Mother’s Bread


This ghost sign (an old hand painted ad on a building ) is on my route to the Lili Cafe at 3138 Dobson Street in Polish Hill, one of my favorite coffee shops in Pittsburgh. (If you go, get a Mind Mender . oh yeah.)   I love old faded signs, because they remind me of  Mail Pouch ads on barns and thus of  the sweet smelling tobacco that my grandfathers used in their pipes.
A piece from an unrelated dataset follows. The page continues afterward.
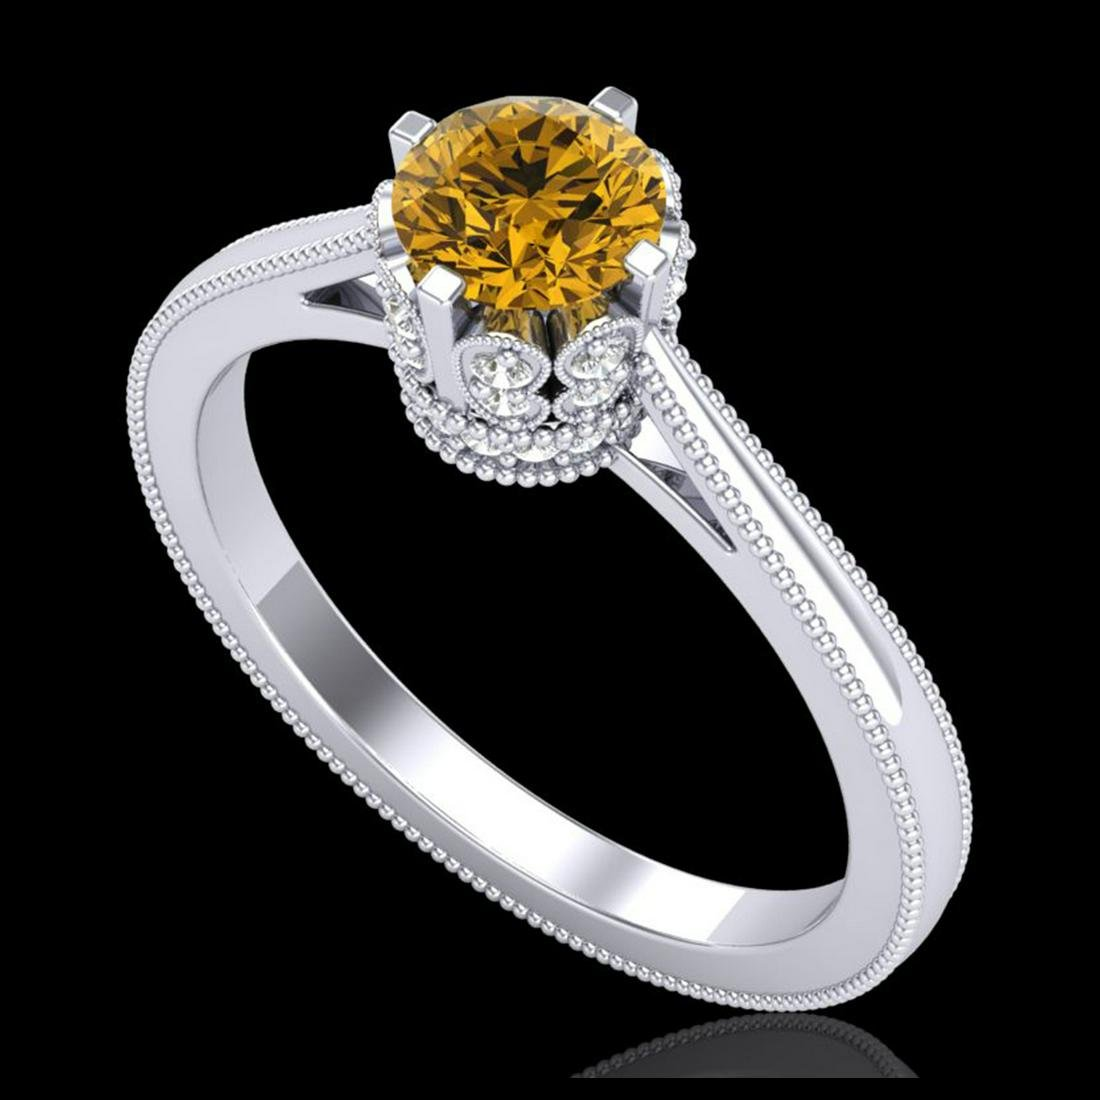 0.81 ctw Intense Fancy Yellow Diamond Art Deco Ring 18K

But, imagine my excitement when, last year while reading a book  – NERD ALERT –  called White Bread:  A Social History of the Store Bought Loaf, by Aaron Bobrow-Strain, I found out that Pittsburgh was the home of one of the first white bread manufacturer’s in the country.  The Ward Baking company was  located between 31st and 32nd Street on Liberty Avenue and  made Mother’s Bread along with TipTop, the squishy white loaves that were all the rage in the early 1900s.   It was “the idea loaf, white, light , tasty palatable and nourishing.”    The Ward company, which was the largest bakery in the US in the early 1900s,  also made TipTop bread, which was the first nationally distributed enriched loaf .  As  the whiteness took over, the nutrients were stripped away.  Enriching the bread with vitamins and minerals was the way to go.    The Ward company eventually bought other companies, merged and this and that .. .. and eventually morphed into the baker and distributor of  items like Wonder bread and Hostess products.


Anyway, the sign at 3209 Dobson Street, which was visible again after a fire in 2008 burned the apartment building next door, makes me smile every time I drive past.  Go check it out!!